Indeed, several cases of skin reactions have been recorded following the topical application of Vitamin K1. The estimated frequency was 2.5 to 4 skin intolerances per 100,000 cosmetic products sold at a concentration between 1 and 2%. It is particularly known to cause the onset of allergic contact dermatitis.

Furthermore, Vitamin K1 possesses a sensitisation potential, meaning that its topical application can lead to significant sensitisation to Vitamin K1, which is used in treatments for blood clotting. This sensitisation can therefore prove concerning for patients undergoing treatments based on this fat-soluble vitamin.

Therefore, Vitamin K1 would act as an allergen.

These observed reactions may be due to the activation of the immune system.
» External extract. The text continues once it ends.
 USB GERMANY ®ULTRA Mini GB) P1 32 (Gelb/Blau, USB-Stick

When a person sensitive to Vitamin K1 comes into contact with this substance, their immune system may overreact, mistakenly identifying Vitamin K1 as a threat. This triggers the release of inflammatory mediators, such as histamines, which cause skin allergy symptoms such as redness, itching, and rashes.
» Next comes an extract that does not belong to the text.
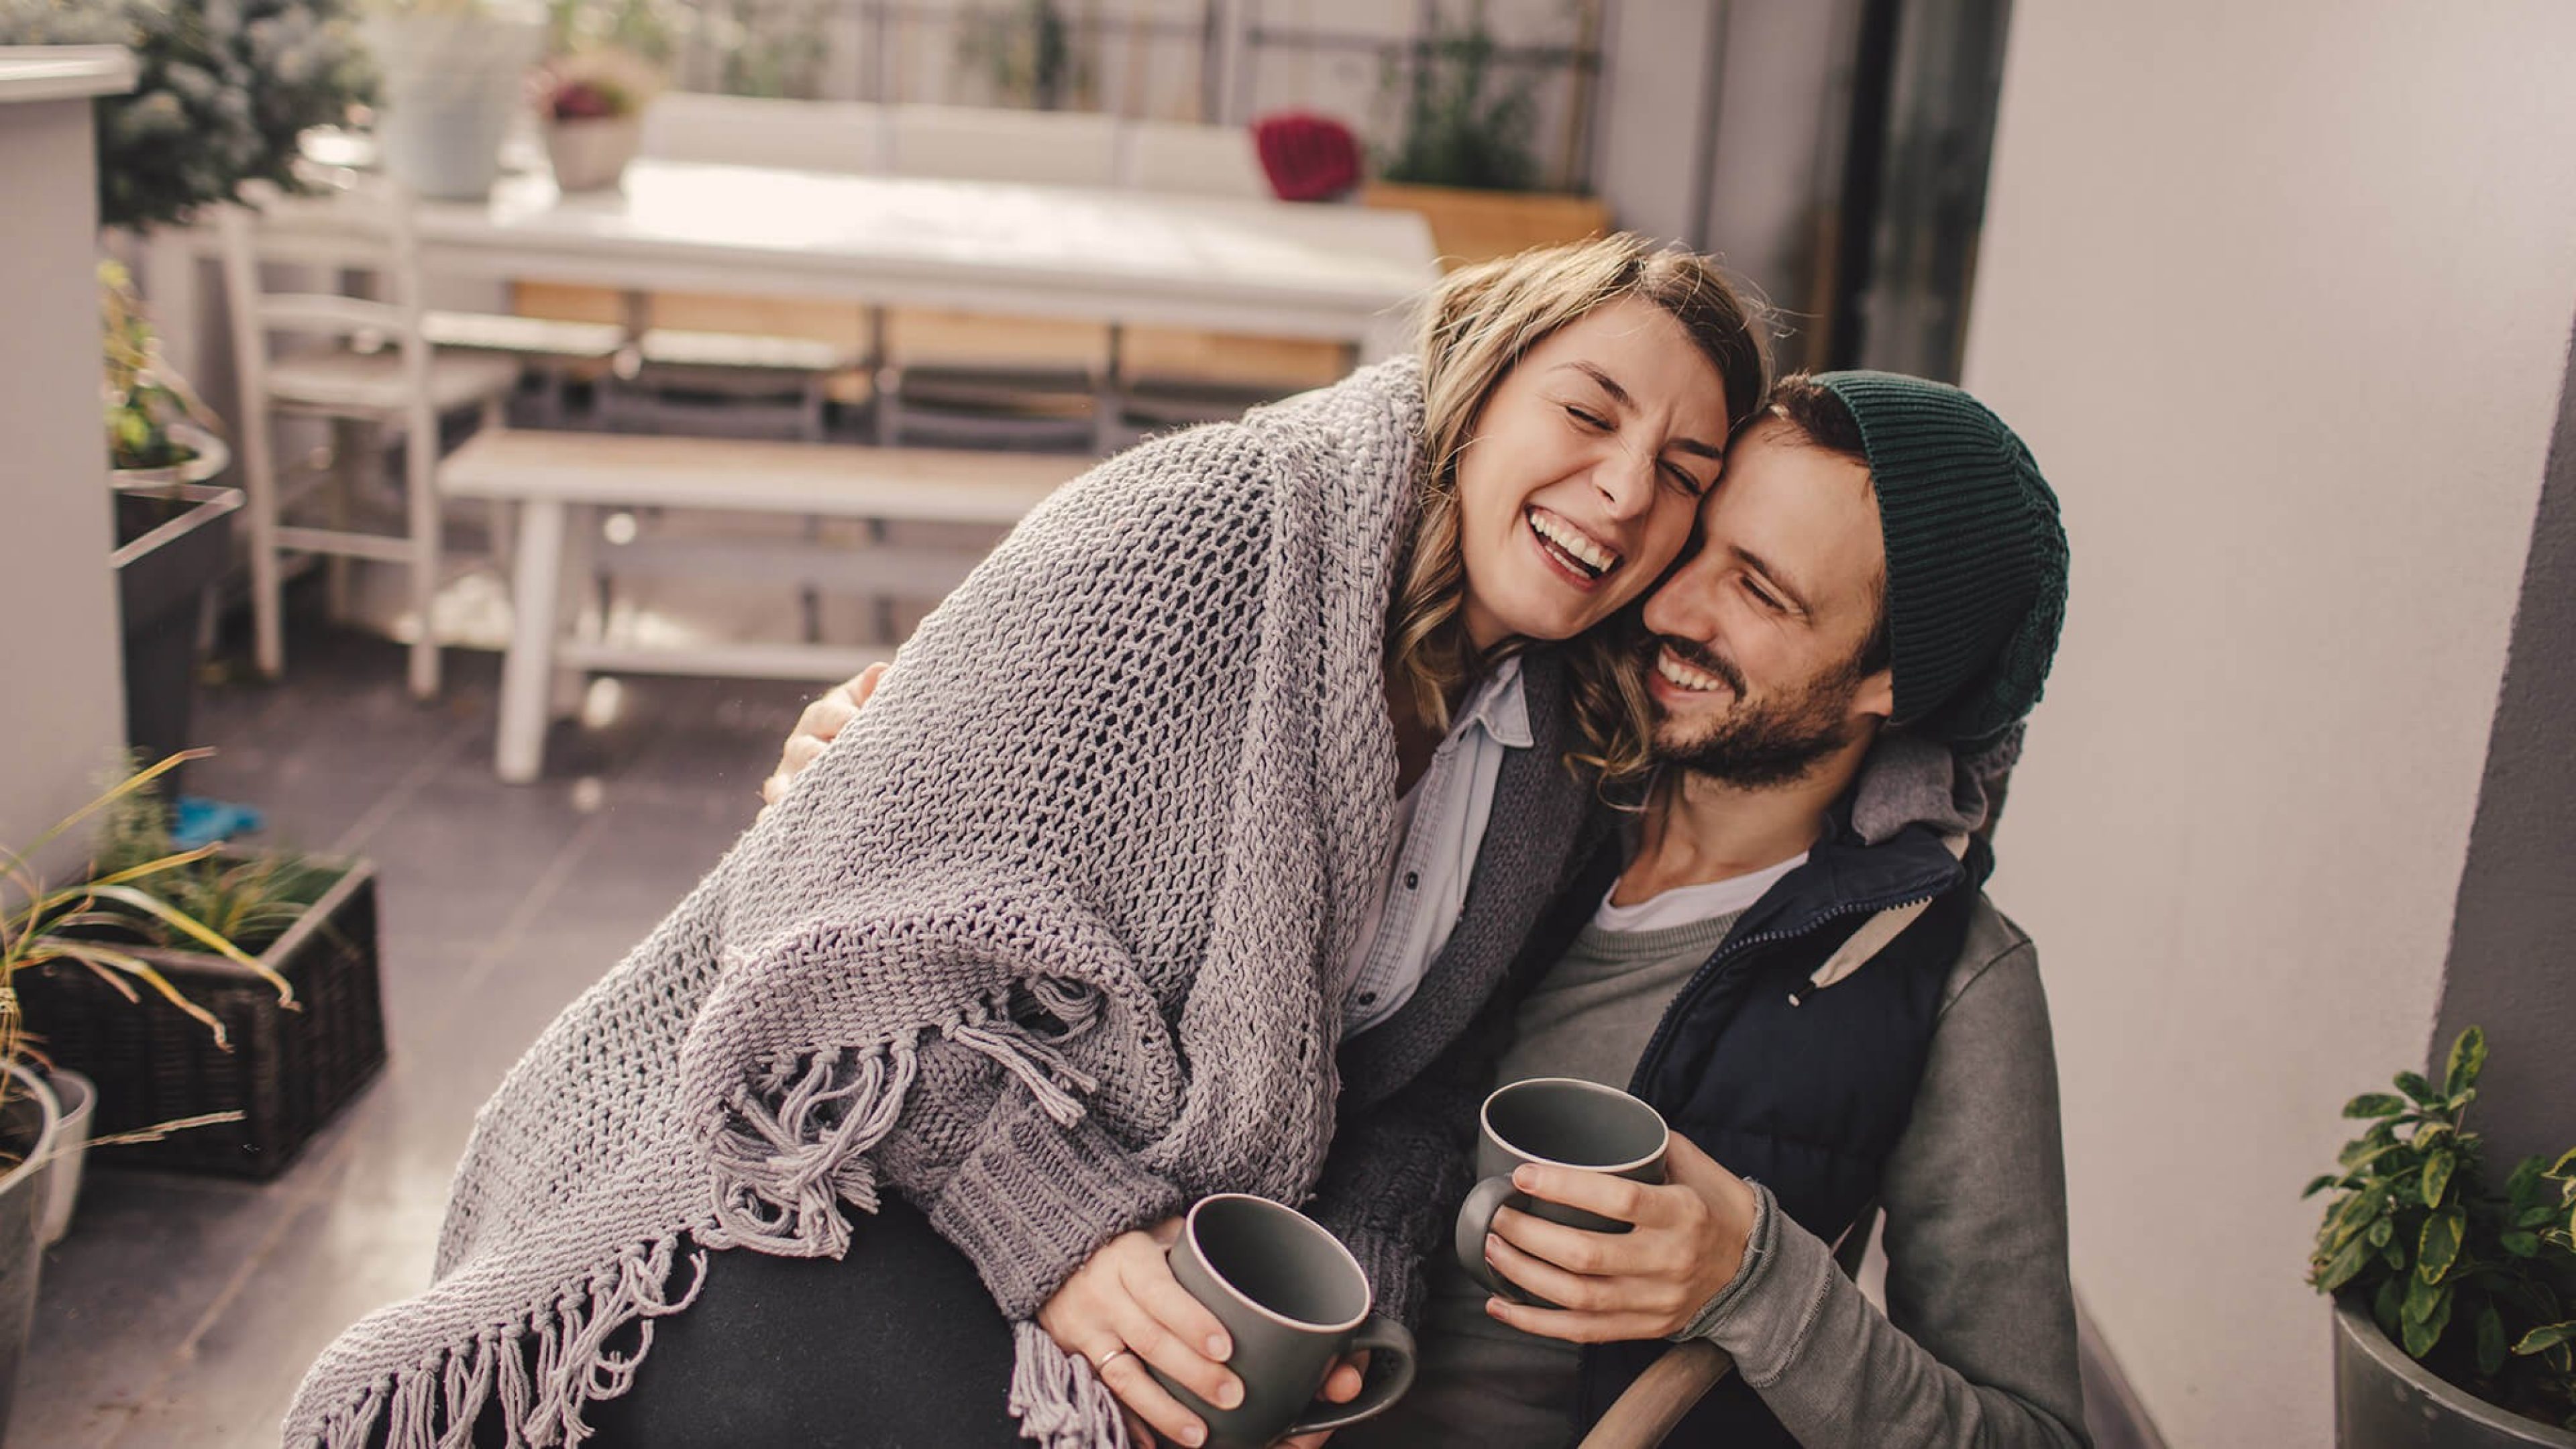 Junges Paar lachend auf einem Balkon, sie sitzt auf seinem Schoß, beide sind warm angezogen und haben eine Kaffeetasse in der Hand

Finally, it appears that vitamin K1 may be photo-unstable. Indeed, a study conducted by Vincent KAM-WAI WONG and Paul CHI-LUI HO demonstrated that when exposed to UV light at 254 nm, vitamin K1 rapidly decomposed with a degradation rate constant of 7.63 per day-1. This situation could potentially compromise the stability of the formula in which it is included and could potentially be photosensitising for the skin, making it vulnerable to free radicals produced by oxidative stress.

Currently, cosmetic products claiming the presence of vitamin K typically contain the oxidised form (vitamin K oxide), which is less irritating and more stable. Moreover, reactions are individual and will depend on the person's allergic situation.

Sources

  • HO P. C. & al. Influence of DL methionine and sodium metabisulphite on the photostability of vitamin k1. PDA Journal of Pharmaceutical Science and Technology (1998).

  • DIRECTIVE 2009/6/CE DE LA COMMISSION du 4 Février 2009. Journal officiel de l’Union européenne (2009).

  • Opinion on vitamin K1 (phytonadione). Scientific Committee on Consumer Safety (2010).

  • NOVÁKOVÁ L. & al. Vitamin K – sources, physiological role, kinetics, deficiency, detection, therapeutic use, and toxicity. Nutrition Reviews (2022).